(Information provided)
-=-=-

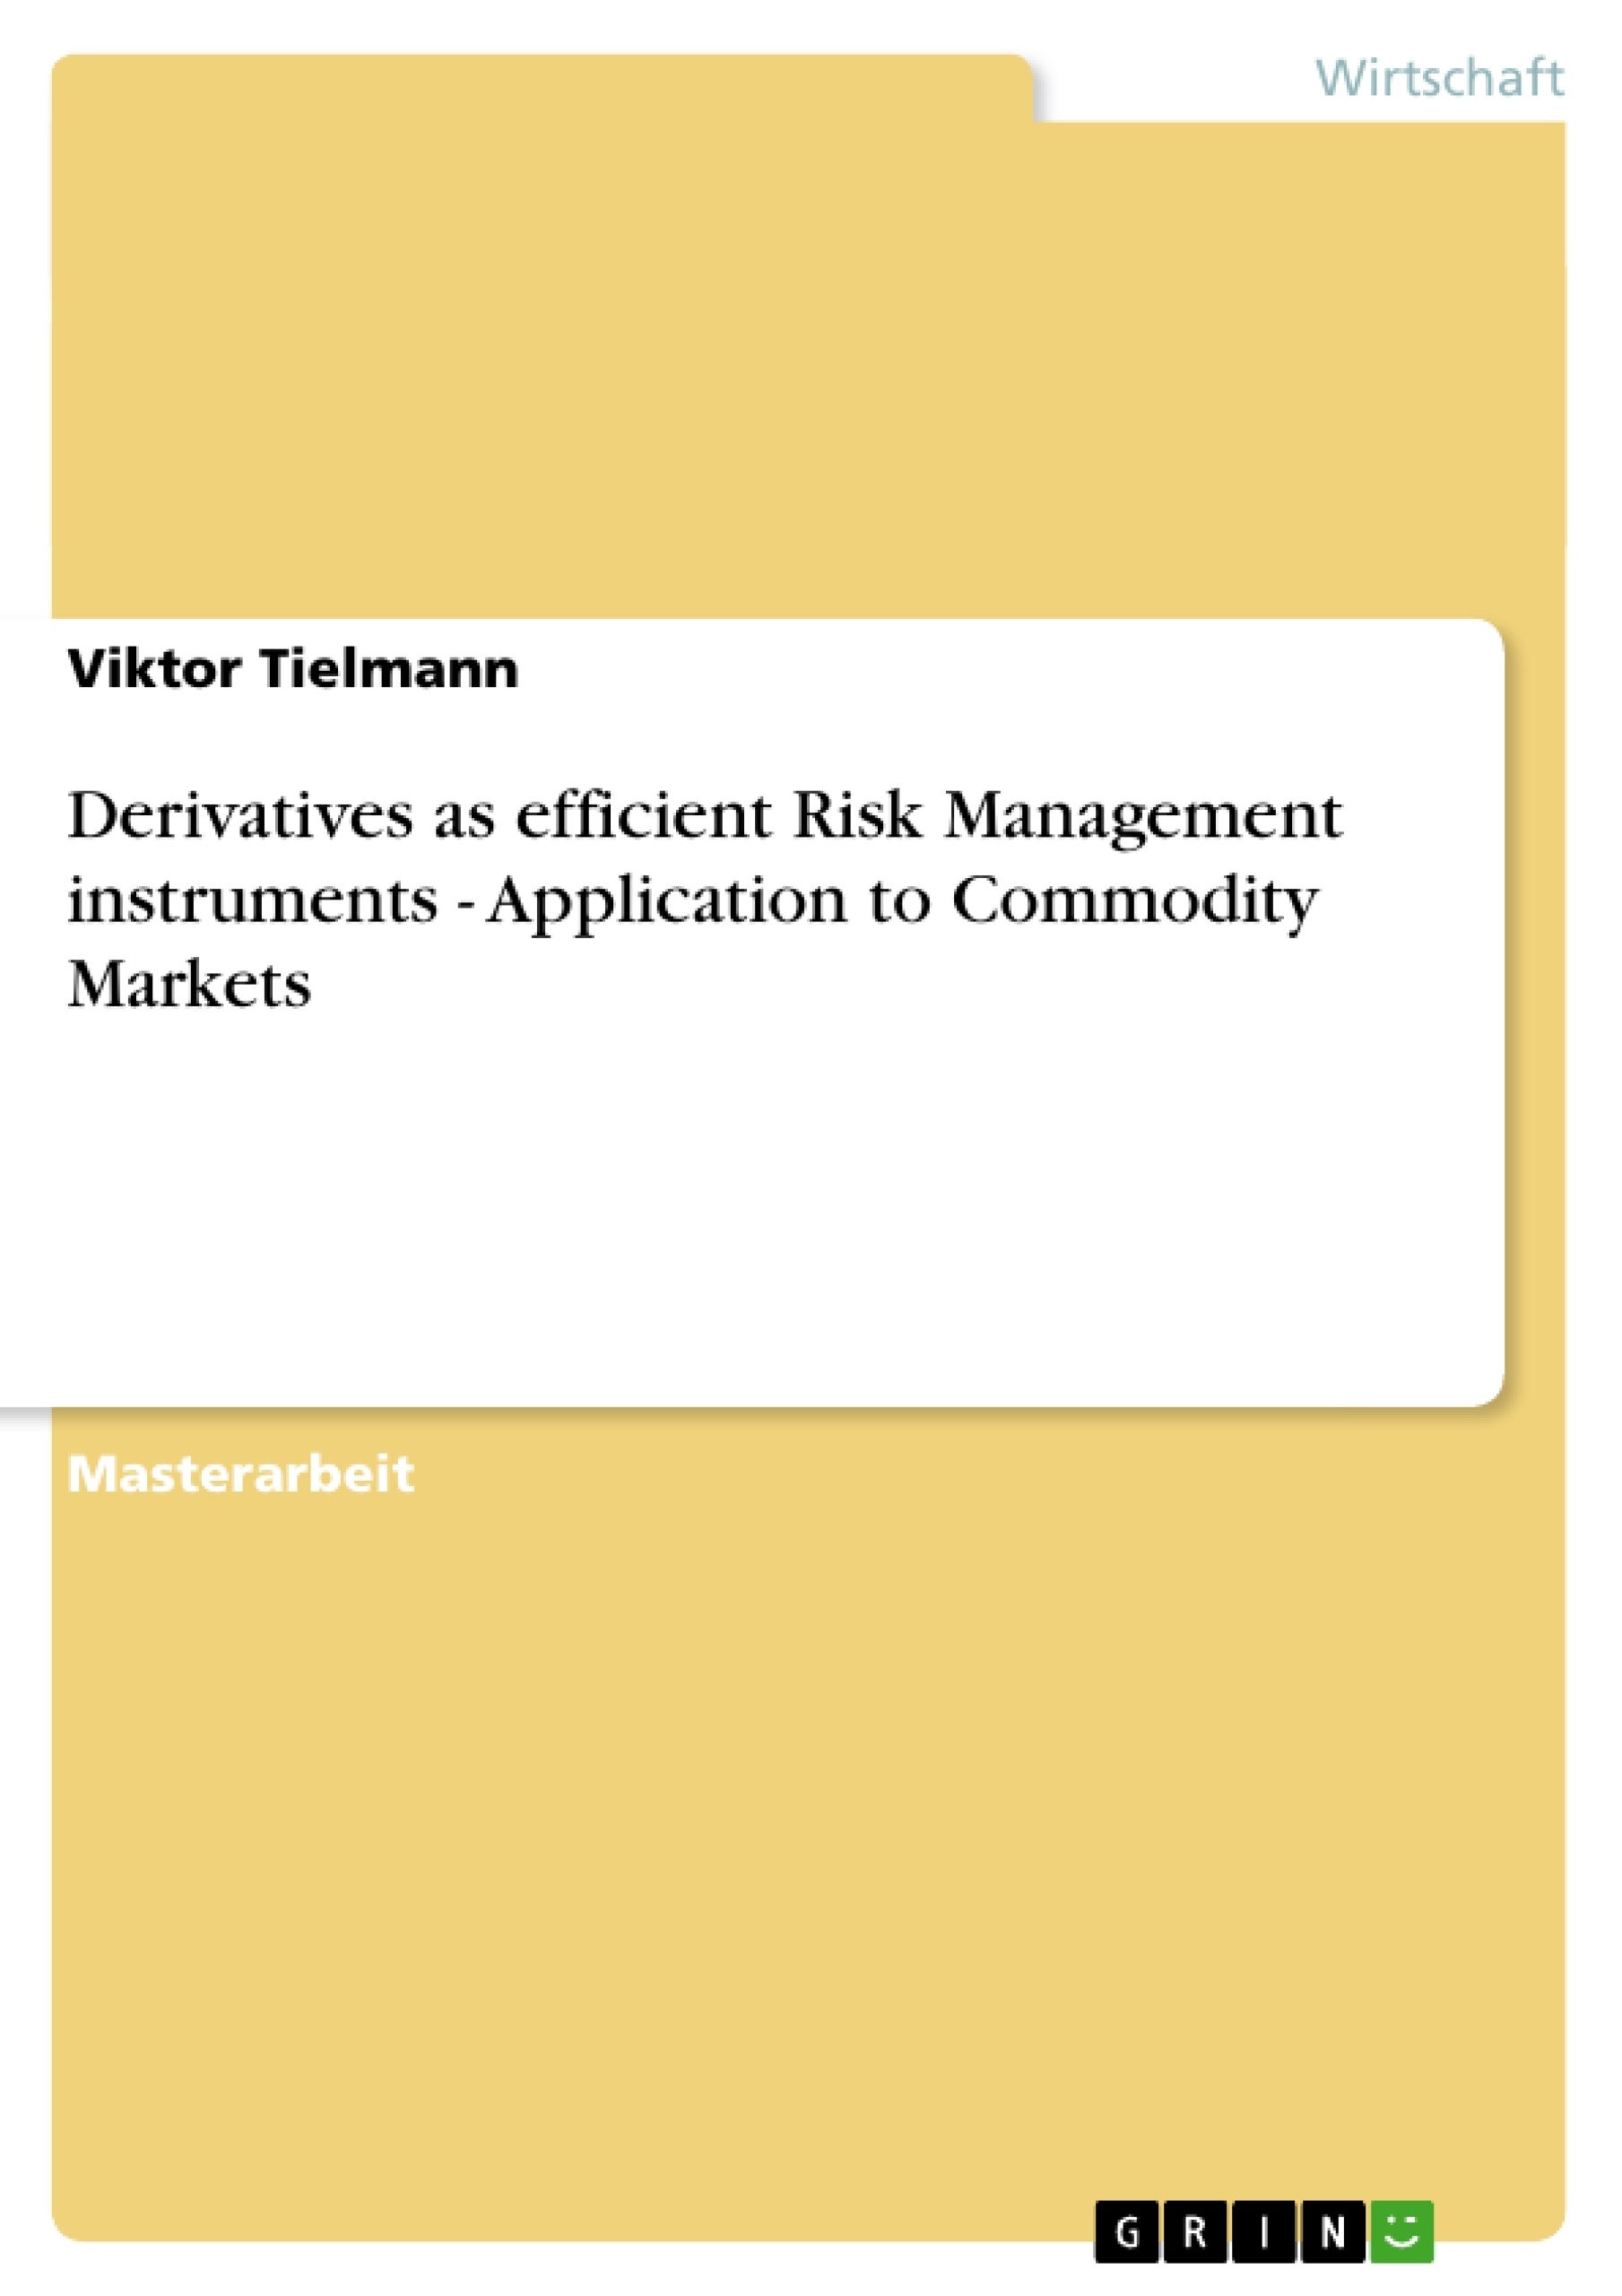 Titel: Derivatives as efficient Risk Management instruments - Application to Commodity Markets
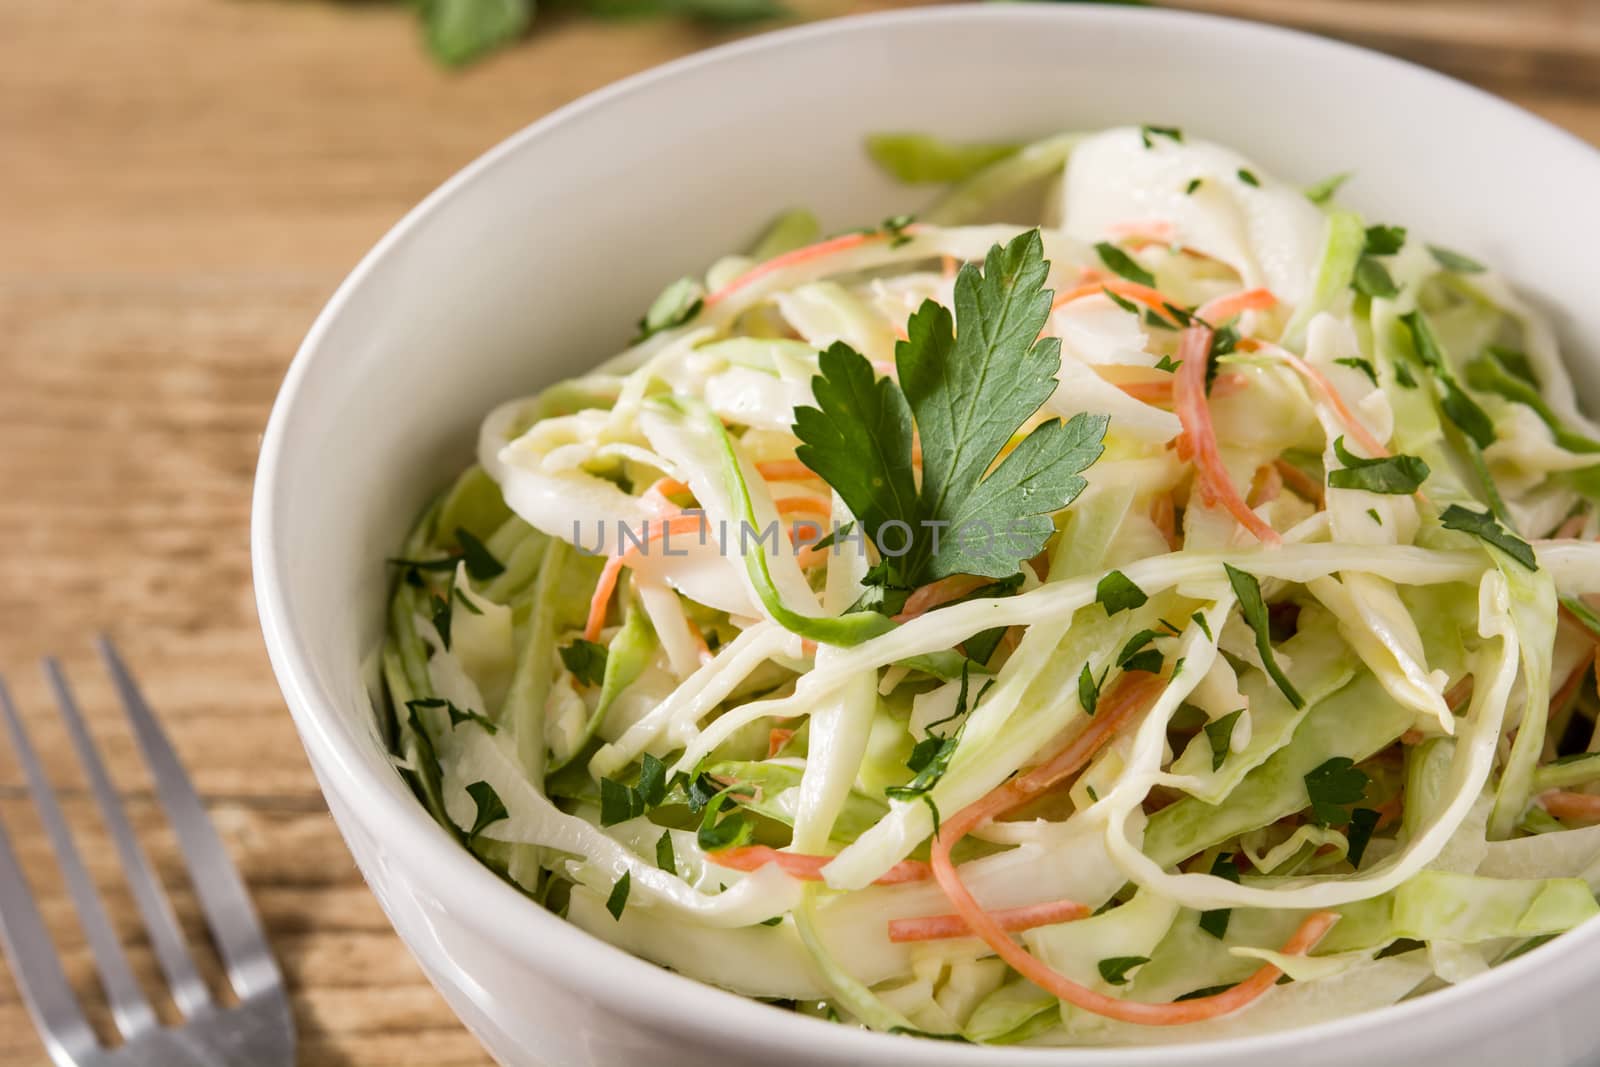 Coleslaw salad in white bowl by chandlervid85
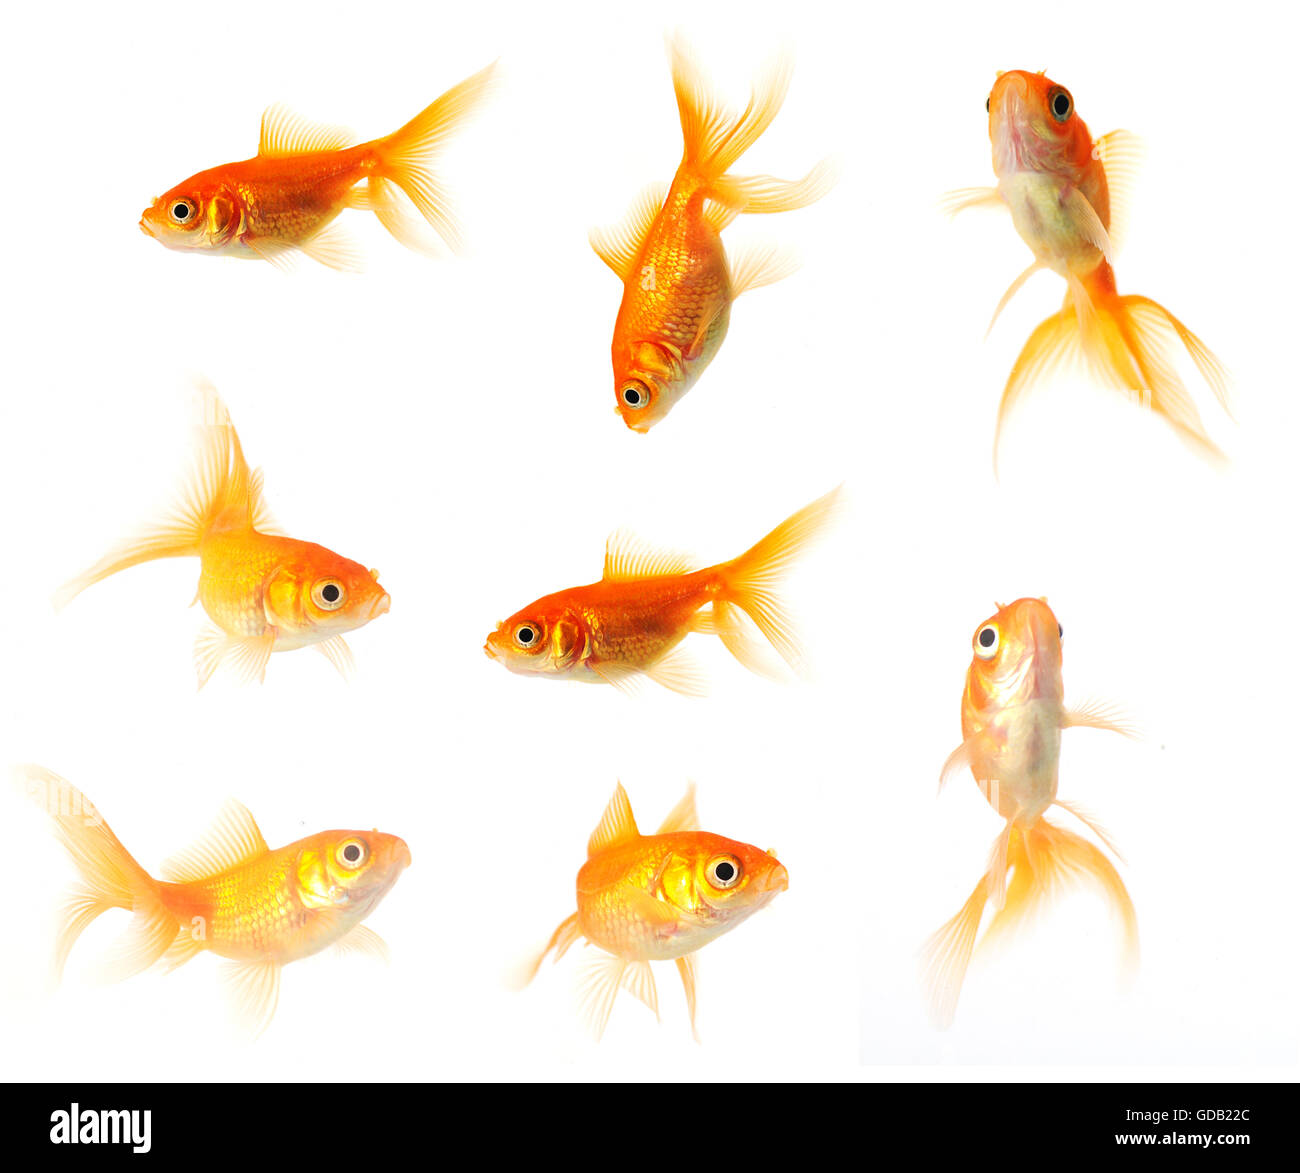 collection of goldfish isolated on white in 24mp. file Stock Photo

-=-=-

Excluding the pictures, retype the line containing "Coleslaw salad in" and all lines after it down to the end of the data above.

(Answer below)
 Coleslaw salad in white bowl by chandlervid85
 collection of goldfish isolated on white in 24mp. file Stock Photo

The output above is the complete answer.